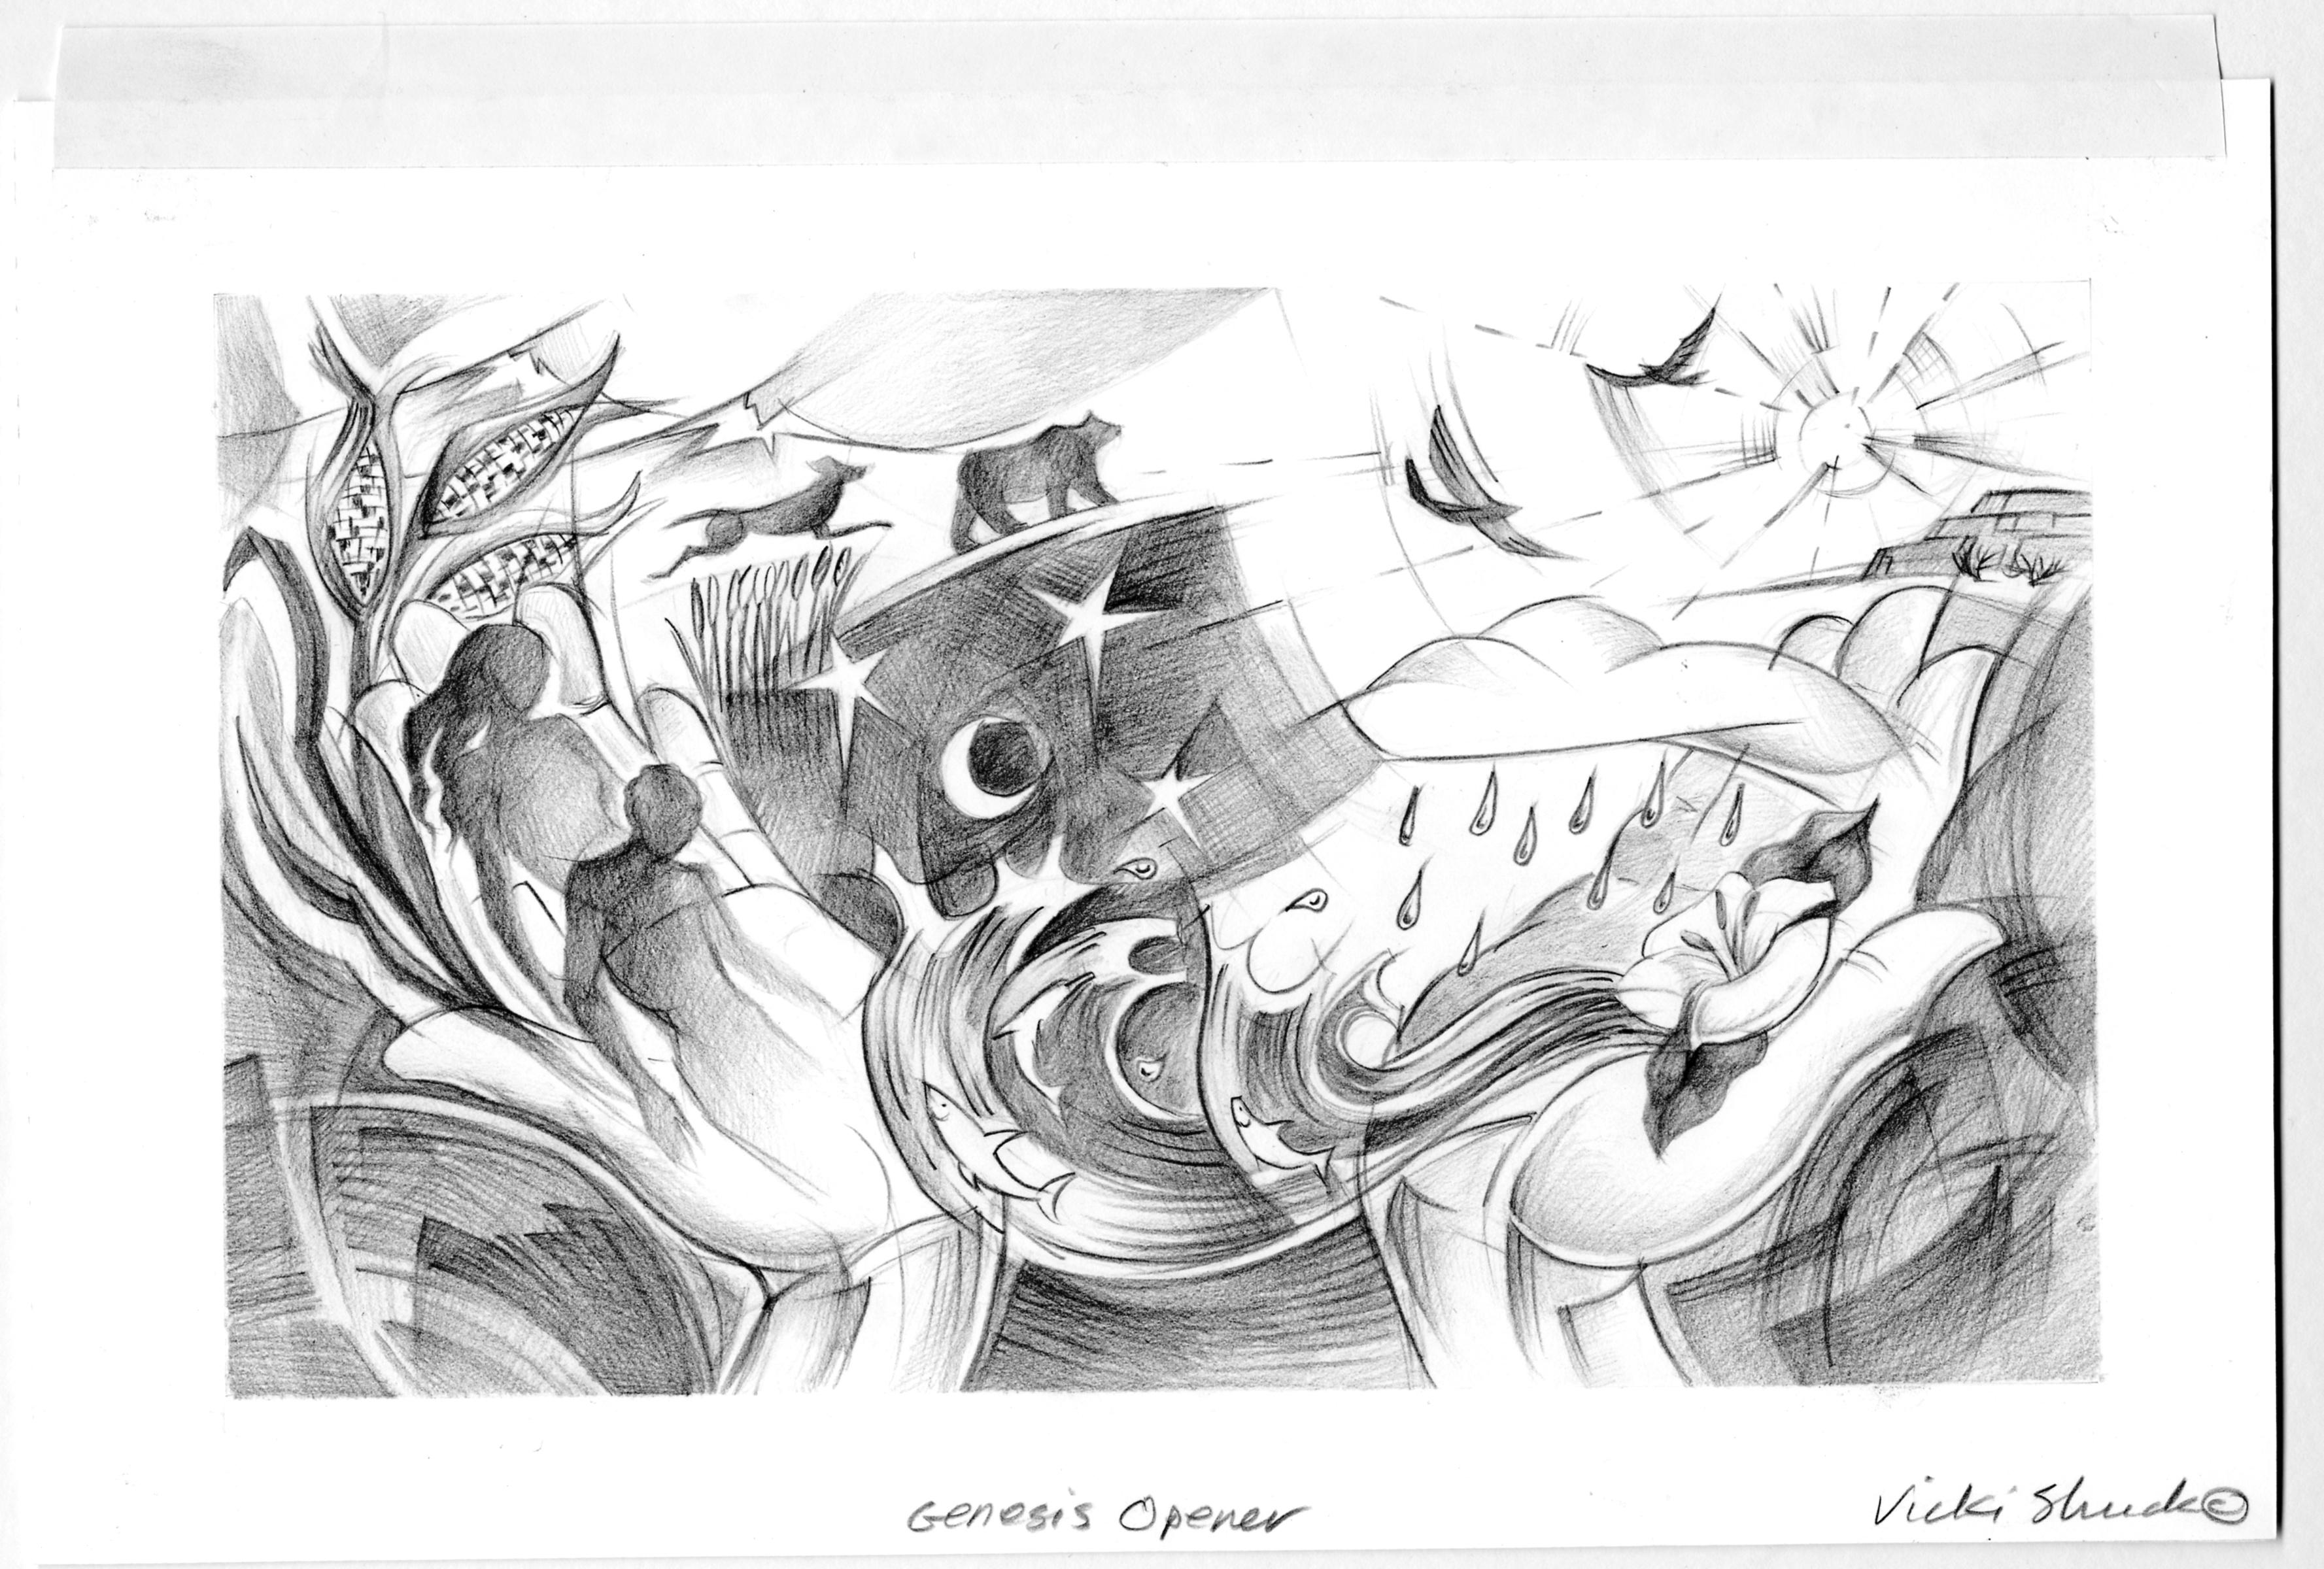 Genesis 2 4 23 Illustration
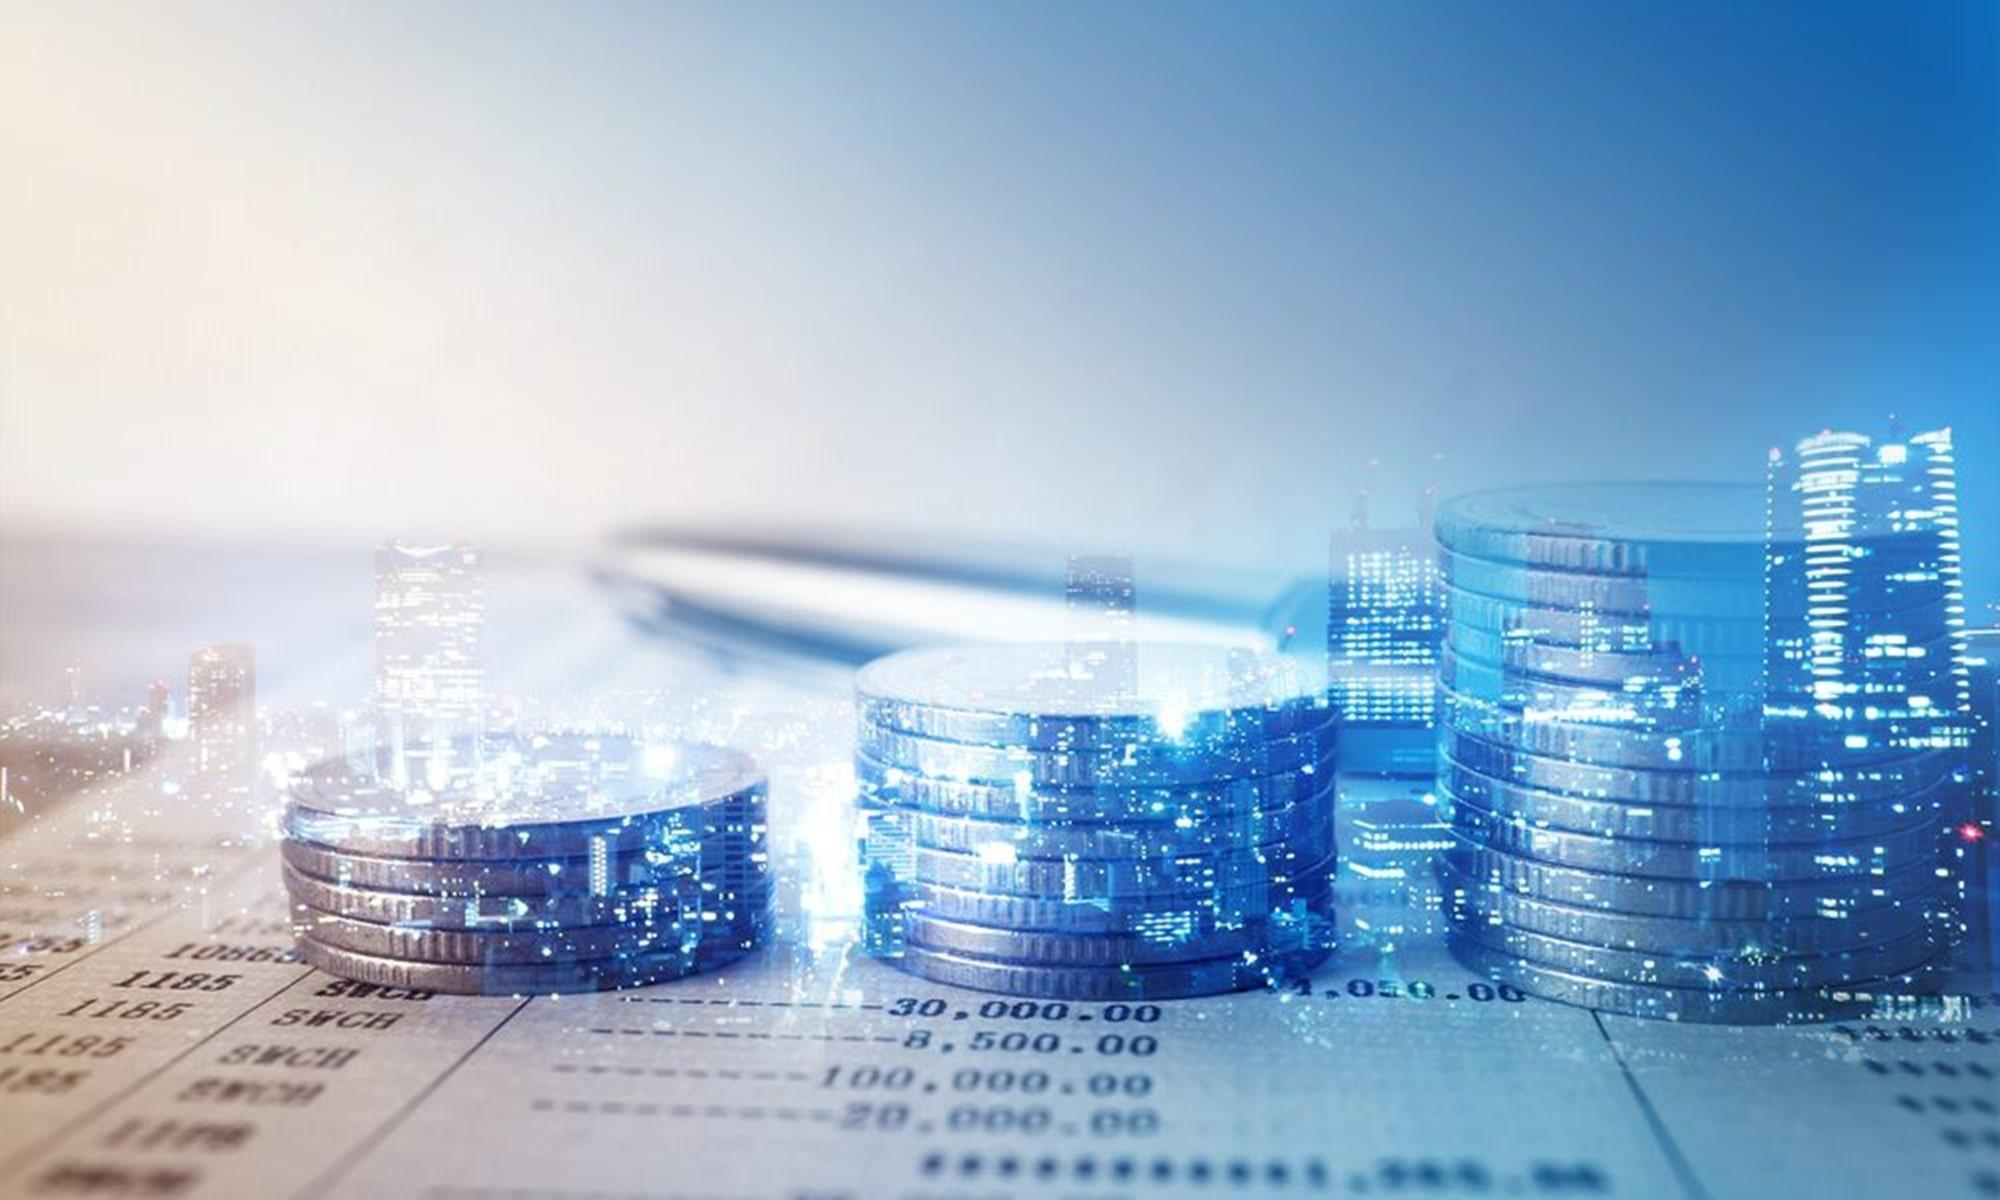 yapi kredi vadeli mevdauat hesabi nitelikleri
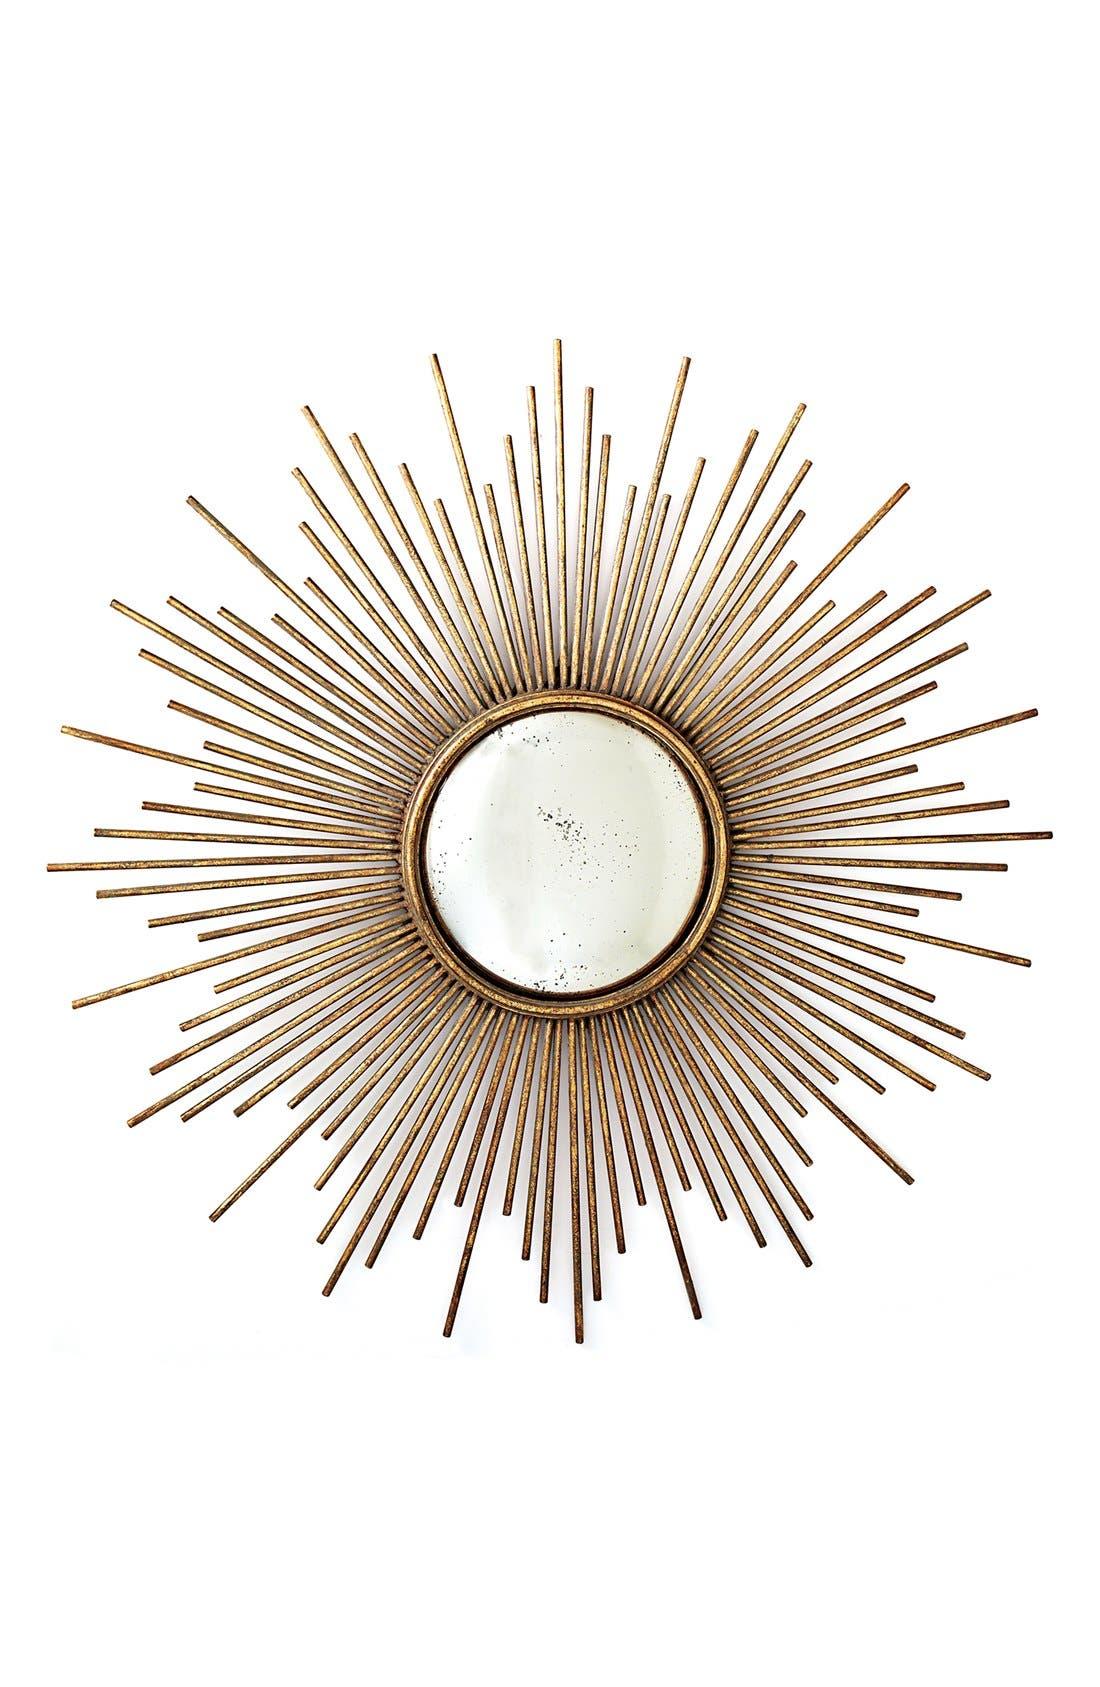 Alternate Image 1 Selected - Two's Company Sunburst Mirror
--
◆ **WORK TO BE COMPLETED**: Could you retype exactly the lines running from the one with "yapi kredi vadeli" to the end of the material above, pictures omitted?

◆ **TASK SOLUTION**:
 yapi kredi vadeli mevdauat hesabi nitelikleri
 Alternate Image 1 Selected - Two's Company Sunburst Mirror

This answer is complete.